* About this exercise
Below is a listing to repeat exactly, with its pictures left out.

* Data segment
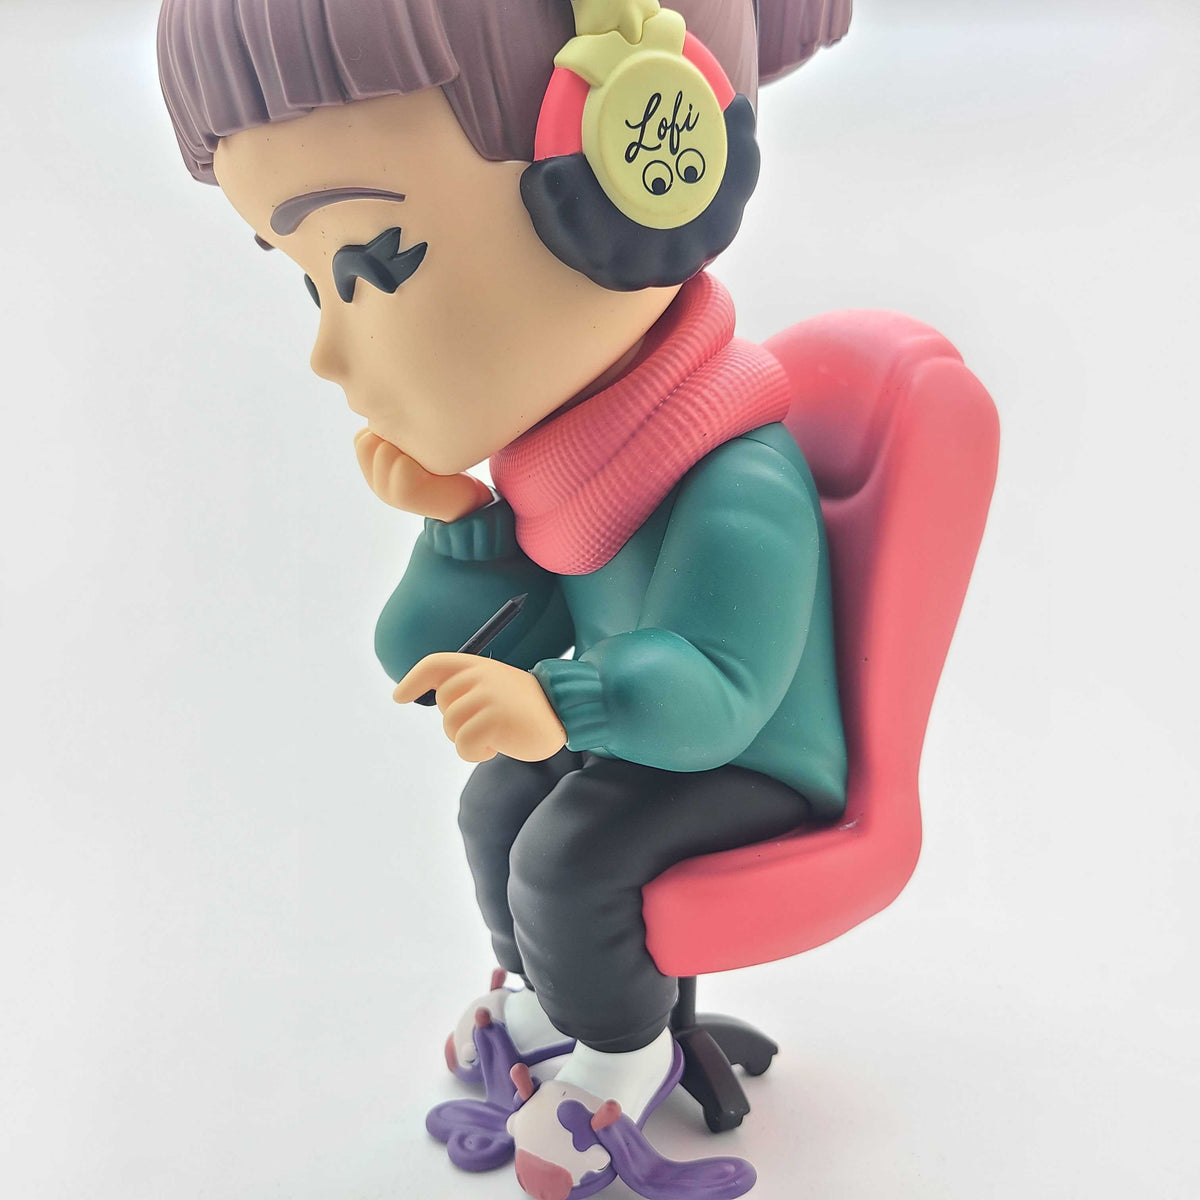 Lofi Girl (1ft) (*Broken Lamp*) Toy Figure by Youtooz Collectibles
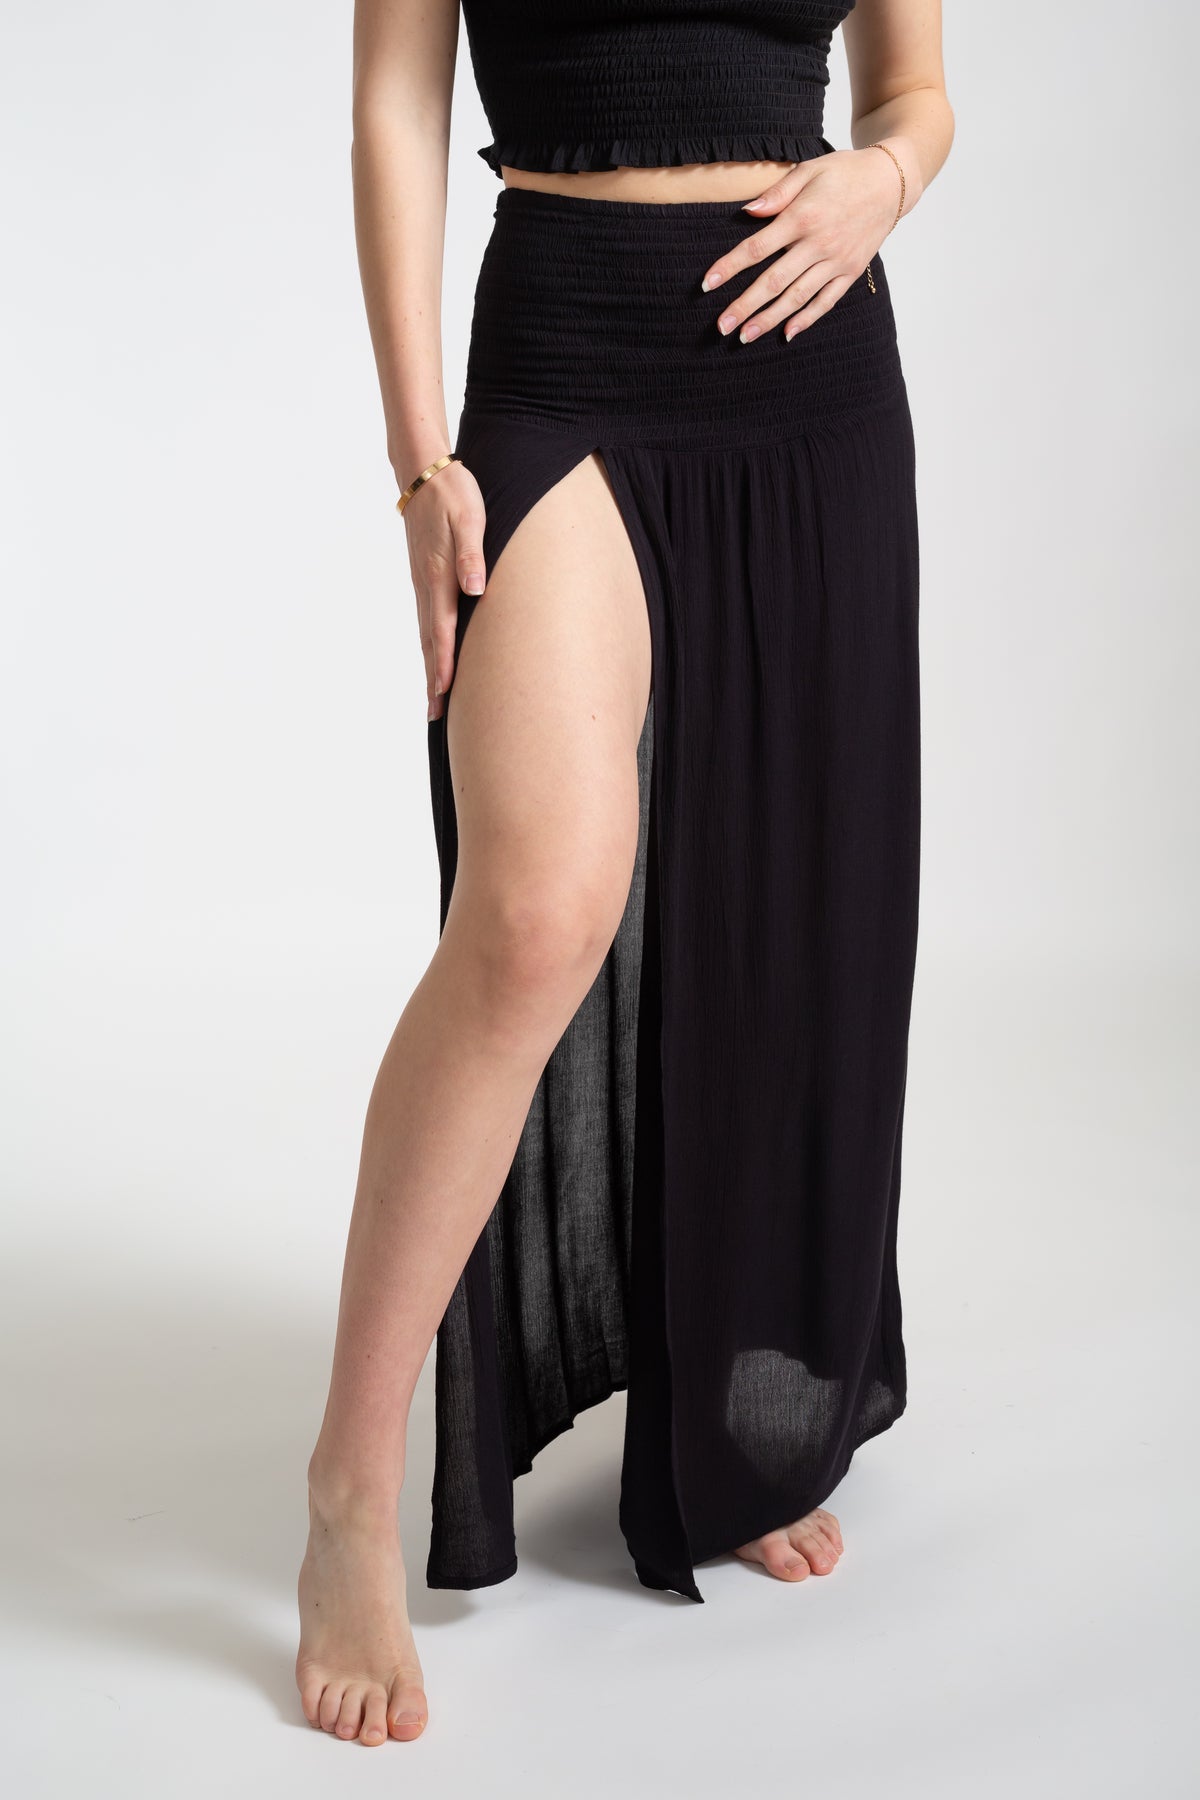 Blonde model wearing the black Miami convertible skirt with deep slit facing front close up. Featuring smocked detailing, fabric is hundred percent crinkle rayon by Koy Resort cover-up summer collection.
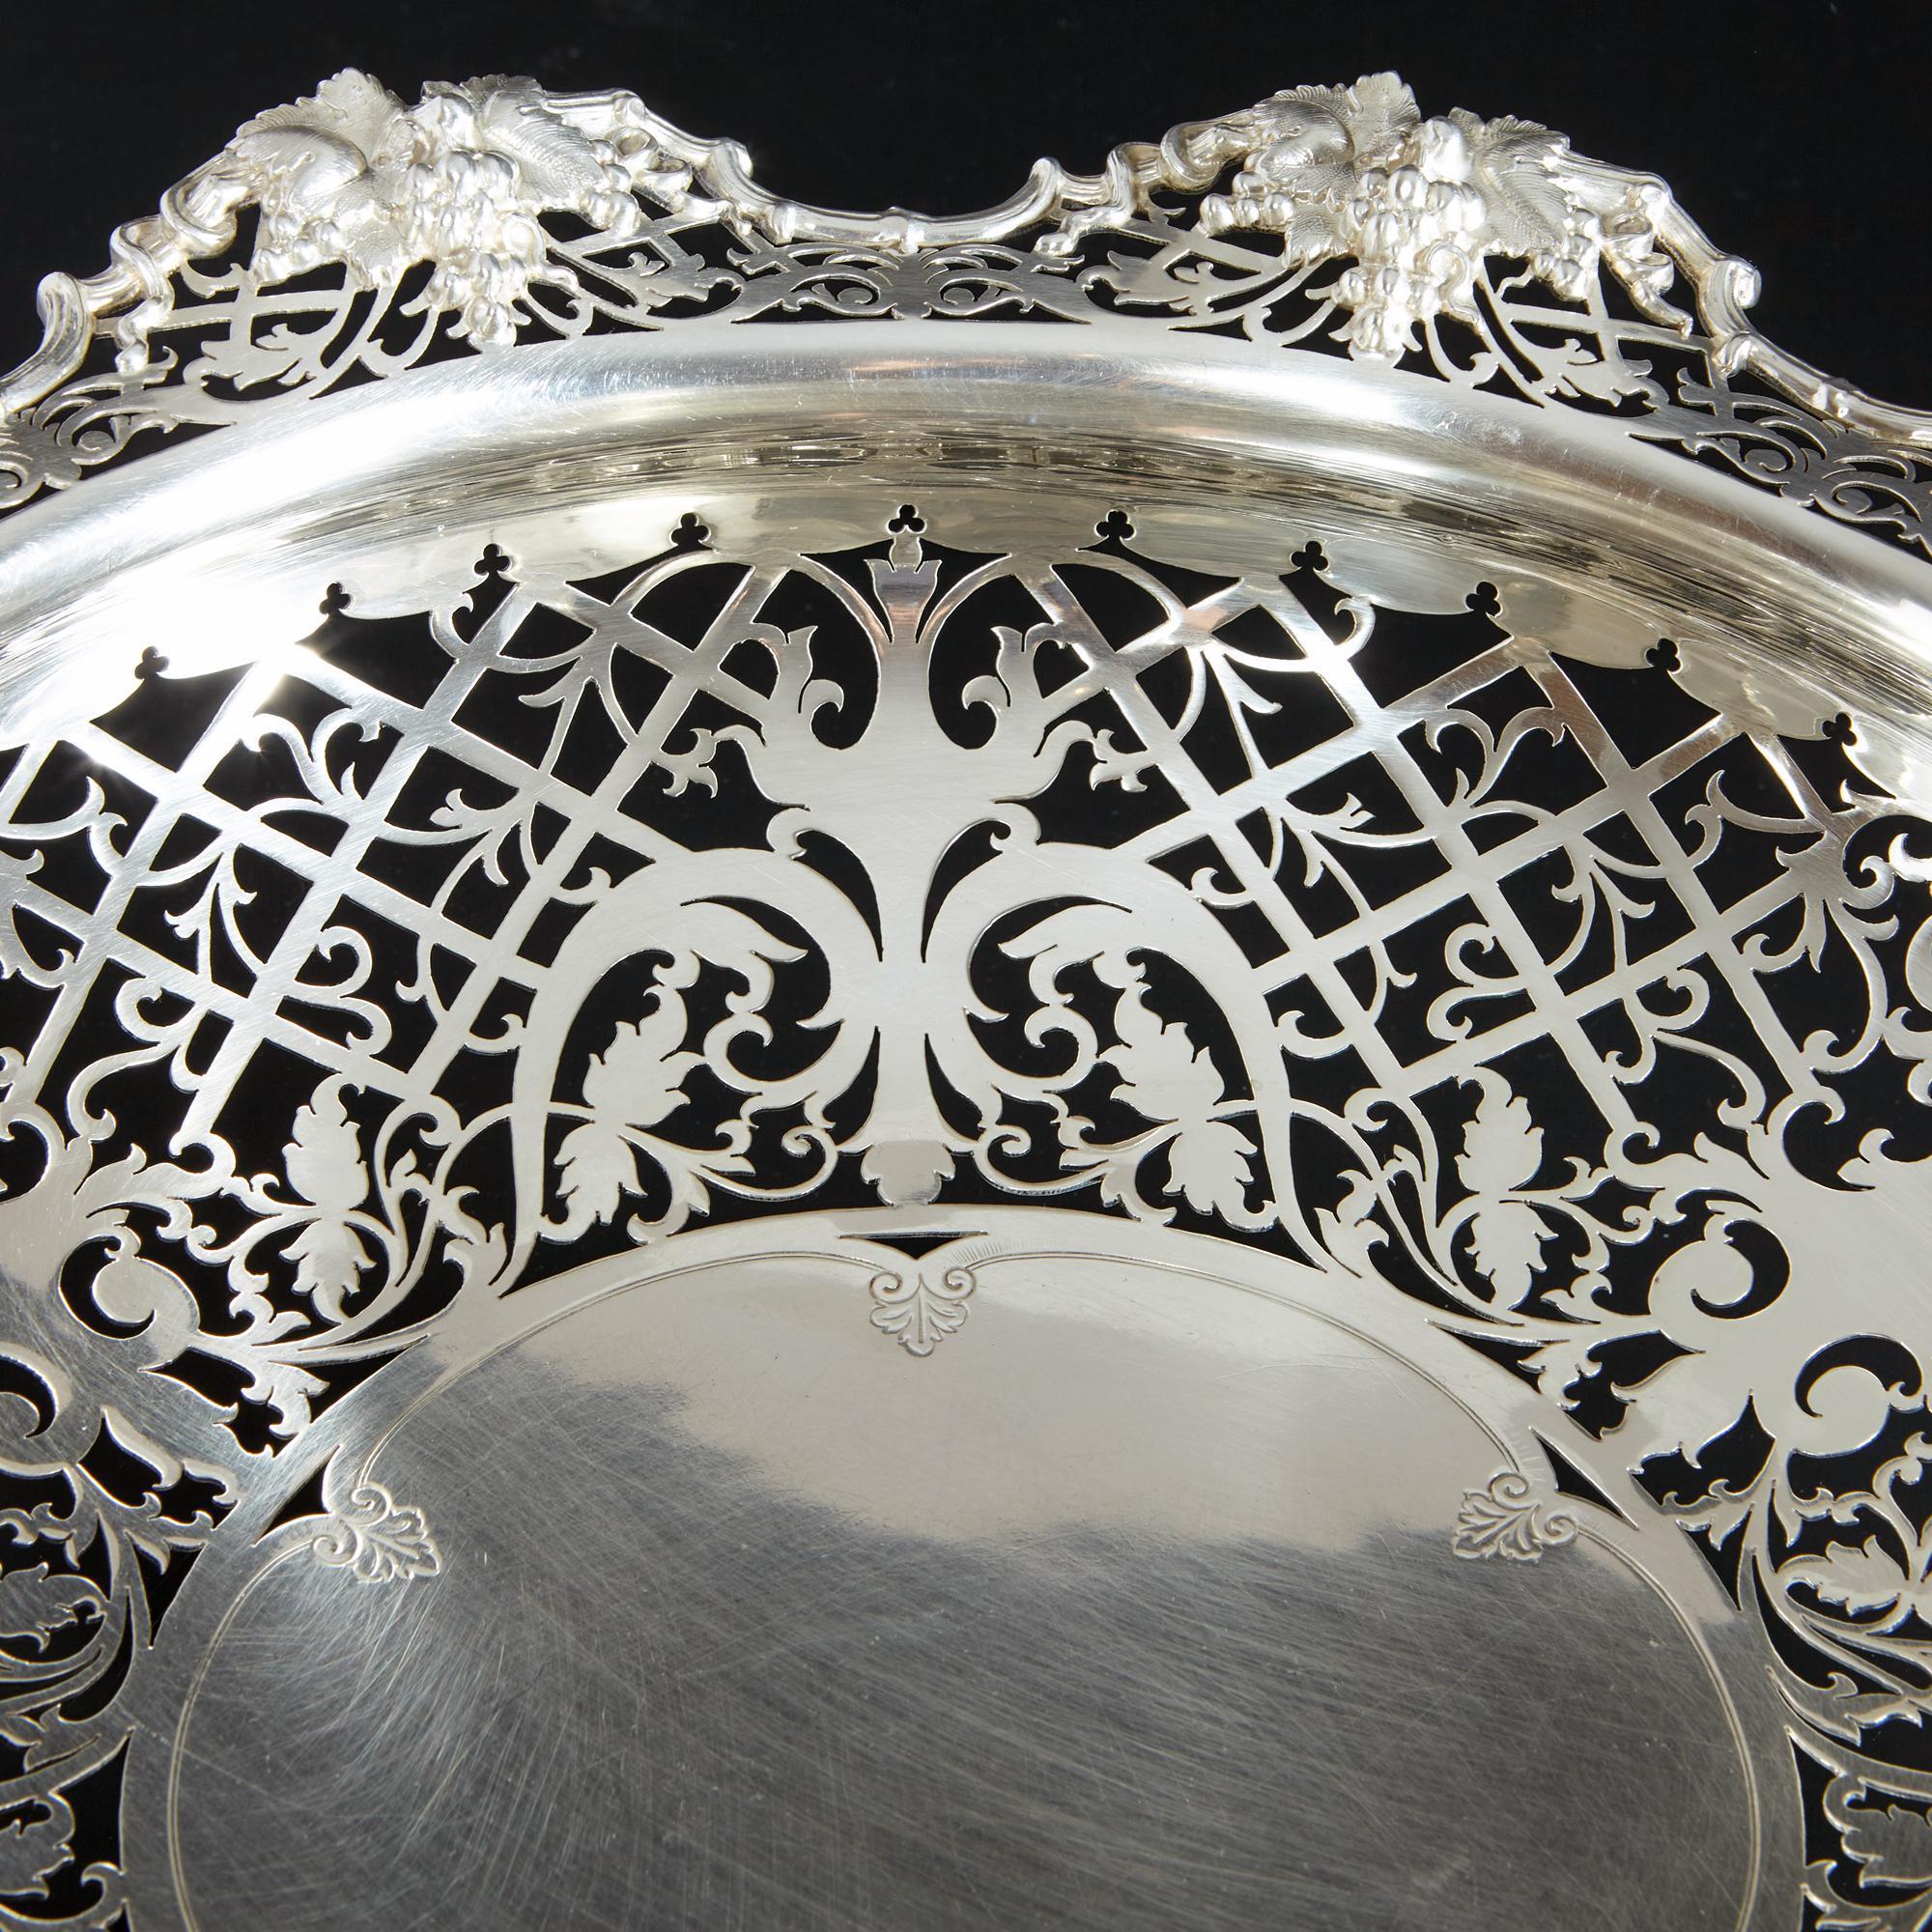 Early 20th Century Large Antique Hand-Pierced Silver Basket

* Completed task
 Lofi Girl (1ft) (*Broken Lamp*) Toy Figure by Youtooz Collectibles
 Blonde model wearing the black Miami convertible skirt with deep slit facing front close up. Featuring smocked detailing, fabric is hundred percent crinkle rayon by Koy Resort cover-up summer collection.
 Early 20th Century Large Antique Hand-Pierced Silver Basket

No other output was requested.